Detection of seven common viruses by direct immunofluorescent assay (DFA)
DFA was used to detect respiratory syncytial virus (RSV), influenza virus A (IVA), influenza virus B (IVB), parainfluenza virus (PIV) I, PIV II, PIV III, and adenovirus (ADV). All assay kits were purchased from Chemicon (USA) and all staining procedures were performed according to the manufacturer’s instructions. Immunostained preparations were viewed with a fluorescence microscope (Leica 020-518.500, Germany).
Detection of the metapneumovirus (hMPV), rhinovirus (hRV), bocavirus (hBoV) gene by real-time polymerase chain reaction (RT-PCR)
For hMPV detection, primers were designed to specifically amplify the N gene (213 base pairs [bps]). The forward and reverse primers were hMPV-F:5’- AACCGTGTACTAAGTGATGCACTC-3’ and hMPV-R:5’- CATTGTTTGACCGGCCCCATAA-3’, respectively. The cyclic temperature settings were 94 °C, 30 s; 55 °C, 30 s; 68 °C, 30 s; amplified by 45 cycles with the last at 68 °C for 7 min.
For hRV detection, the primers and probe sequences were HRV-F: 5’-TGGACAGGGTGTGAAGAGC-3′;HRV-R:5’-CAAAGTAGTCGGTCCCATCC-3′;HRV-probe:FAM-TCCTCCGGCCCCTGA ATG-TAMRA. The cyclic temperature settings were 94℃, 30 s; 56℃, 30 s; 72℃, 30 s; amplified, 40 cycles.

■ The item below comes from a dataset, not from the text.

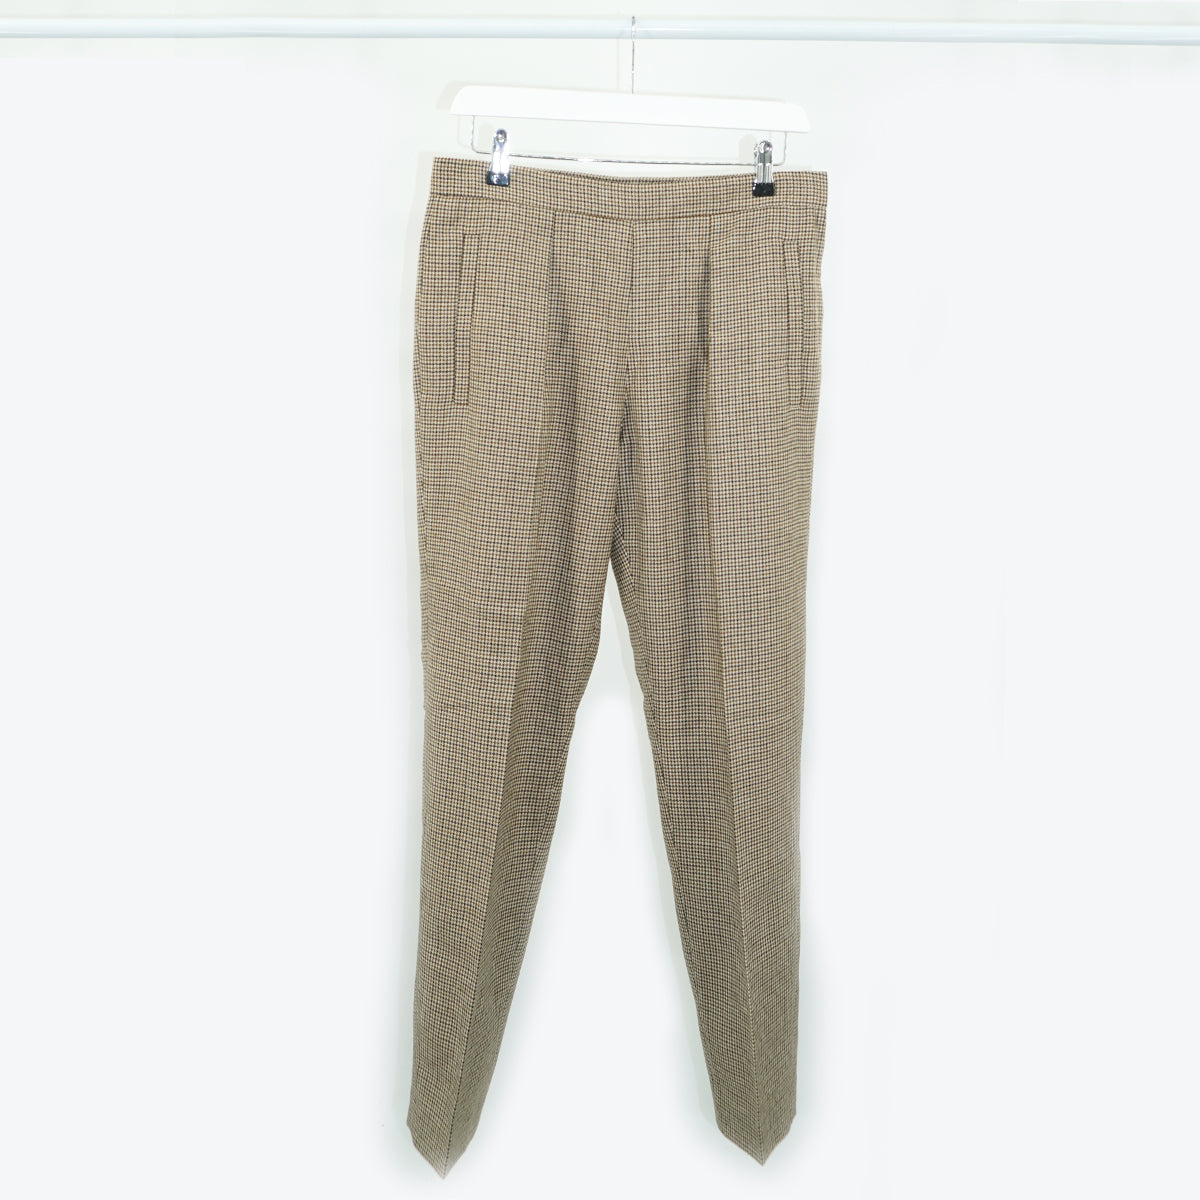 A.P.C. Natural Helen Trousers in Beige UK 10

For hBoV detection, the primers and probe sequences were HBoV-F:5’-TGACATTCAACTACCAACAACCTG-3’;HBoV-R:5’CAGATCCTTTTCCTCCTCCAATAC-3′; HBoV-probe: FAMAGCACCACAAAACACCTCAGGGG-TAMRA. The cyclic temperature settings were 94℃,30 s; 56℃, 30 s; 72℃, 30 s; amplified for 40 cycles.
Routine blood test
Peripheral venous blood (2 ml) was collected and anticoagulated with EDTA from every patient. The blood was tested by an automatic five classification hematology analyzer for white blood cell count, absolute neutrophil count, absolute lymphocyte count and absolute count of eosinophils.

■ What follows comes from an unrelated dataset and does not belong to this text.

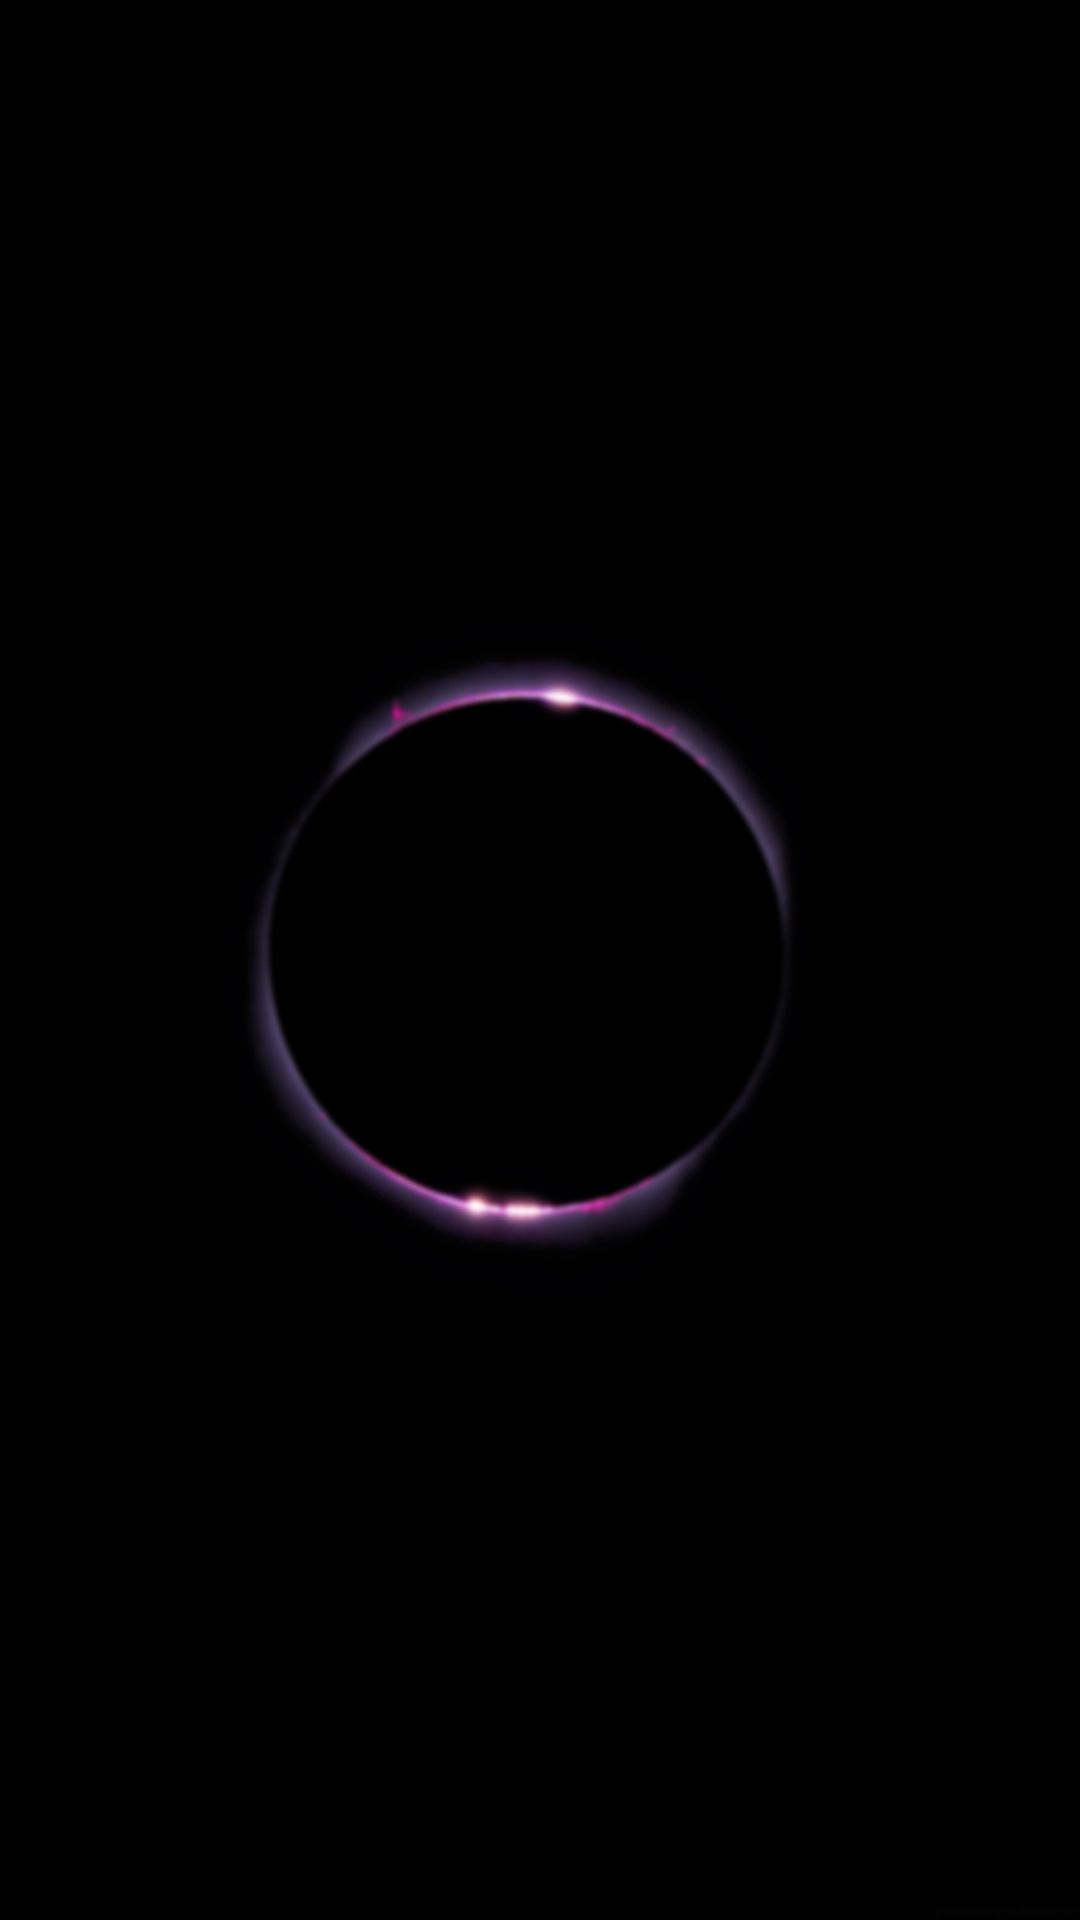 Eclipse iPhone Wallpaper, image collections of wallpaper

Testing of humoral immunity
Detection indices: IgG, IgM and IgA. IgG and IgM were determined by transmission immunoassay, and IgA was determined by immunoturbidimetry.

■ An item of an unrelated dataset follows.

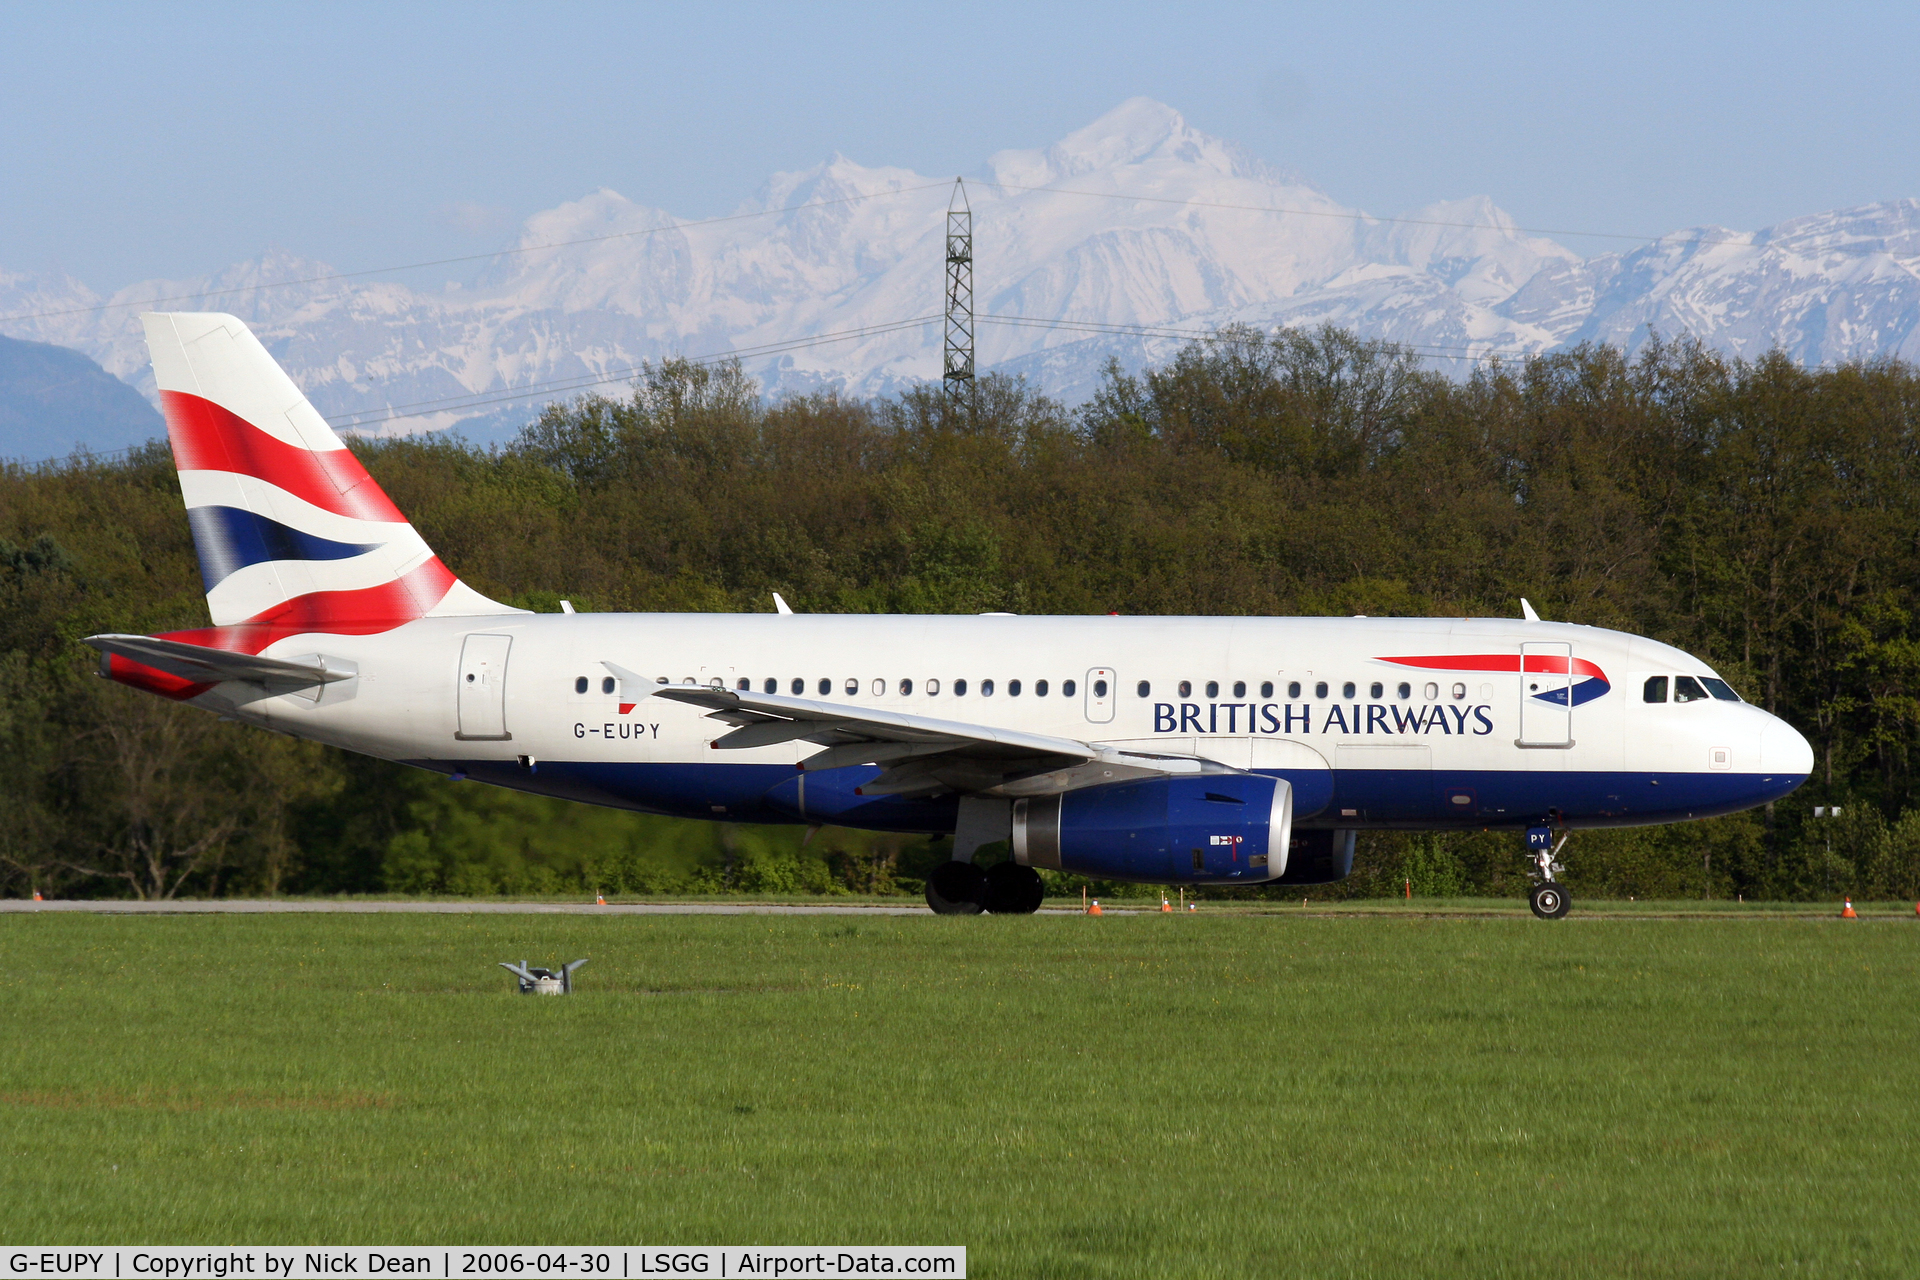 G-EUPY, 2001 Airbus A319-131 C/N 1466, Mont Blanc rising in the bckground

Testing of cellular immunity
Peripheral venous blood (2 ml) was collected on EDTA anticoagulant. Flow cytometry of Beckman Coulter company was used for analysis. The kit was purchased from Immunotech (France). Detection indices: CD3+, CD3+ CD4+, CD4+ / CD8+, CD3+CD8+, CD19+CD23+, CD3-CD16+CD56+ and CD3-CD19+.
Detection of serum levels of cytokine
The peripheral blood was centrifuged at 2500r/min for 5 minutes. Supernatants were frozen at -80℃. Serum levels of cytokines (TNF-a, IL-2, IL-13, IL-4, IL-5, IL-25, IL-33, TSLP, TIMP-1, MMP-9 and MIP-1α) were measured by flow cytometry. Flow cytometry (Beckman Coulter, Brea, CA, USA) was performed according to the manufacturer's instructions (Immunotech, Marseille, France). All assay kits were purchased from BEIJING TONGSHENG SHIDAI BIOTECH CO., LTD. Data were automatically processed and analyzed using FCAP Array 3.0 with the standard curve produced from the cytokine standard.
Data collection
Each patient’s data, including age, gender, gestational age at delivery, birth weight, feeding patterns, history of eczema, family history of asthma, exposure to smoking, and pet contact were recorded.
Follow-up of patients
After discharge from hospital, the patients were followed up every 3 months for a 2‑year period by outpatient visits or telephone consultations.
Statistical analysis
SPSS version 18.0 software was used for data analysis. Distribution normality of continuous data was tested by the P-P plots methods before comparison. Data with normal distribution were represented as mean ± standard deviation (SD) and analyzed by t tests. Continuous data with non-normal distribution were represented as median (minimum-maximum) and analyzed with the Mann-Whitney U test. Categorical data were represented as frequency and analyzed with Chi square examination. Predictors of recurrent wheezing were analyzed using a stepwise logistic regression model.